Page 16 of Raising the Stones


  “I don’t think anyone knew they were doing it until the job was nine-tenths completed,” remarked Sal in the same disinterested voice China had just used.

  Zilia started a complaint with, “You can’t just let your children … ,” and Spiggy laid his hands on her shoulders, calming her down.

  “Come on, Zil. No damage done. For heaven’s sake, girl! Make up your mind. The kid is right! This is exactly what the Native Matters Advisory would like to see done, isn’t it? Exactly what you’d like to have had the Ancient Monuments Panel doing. Quit screaming about it and take a look.”

  “Come see the beautiful job they’ve made of it,” called Jamice from the temple doorway. “Look at these mosaics, Zilia. If you’d had artists sent in from Phansure, they couldn’t have done better. And see how neatly the children have laid the roof logs.” She went in, still talking, leaving the others to follow.
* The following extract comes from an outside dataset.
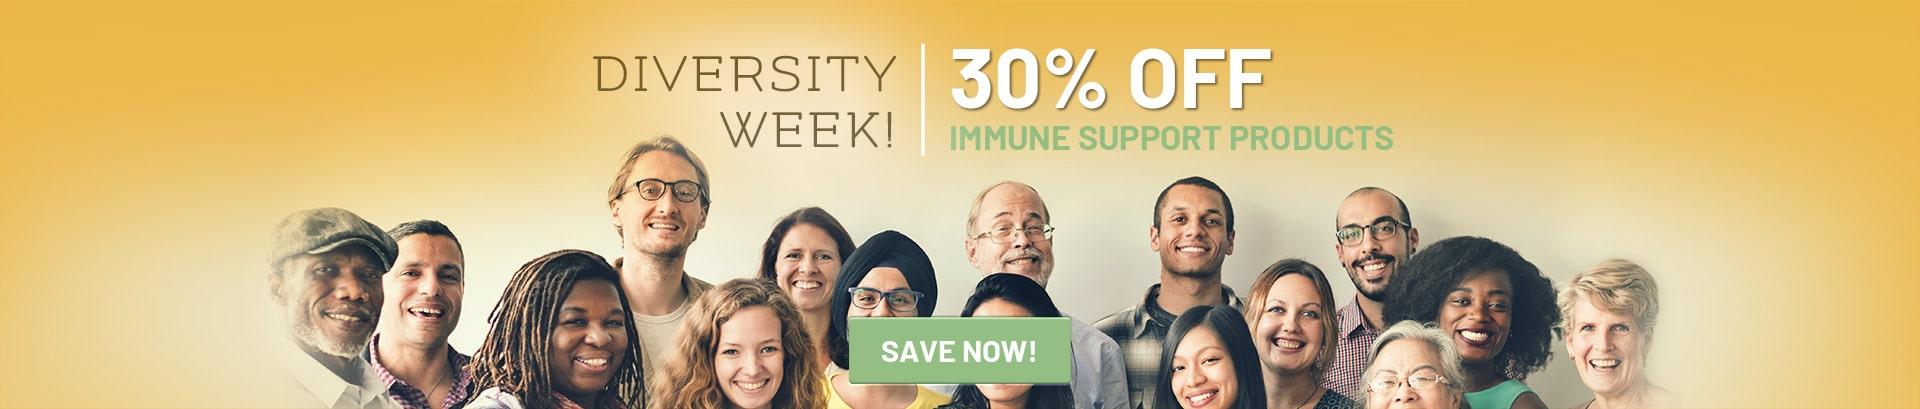 Diversity Week Sale Pure Hemp

  The children sat down where they were, watchful but quiet. After a time the visitors came out of the temple, trailed by their settlement escorts, the latter looking slightly puzzled though not at all concerned.

  The children rose politely, as they had been taught to do in the presence of elders.

  “Are you going to reconstruct another of the temples?” Jamice asked them, using her sweetest tone of voice. She was moved to make much of the children, partly by her scorn for Zilia Makepeace, and partly by her well-developed esthetic sense. The graceful complexity of the designs in the newly laid floors had impressed her greatly.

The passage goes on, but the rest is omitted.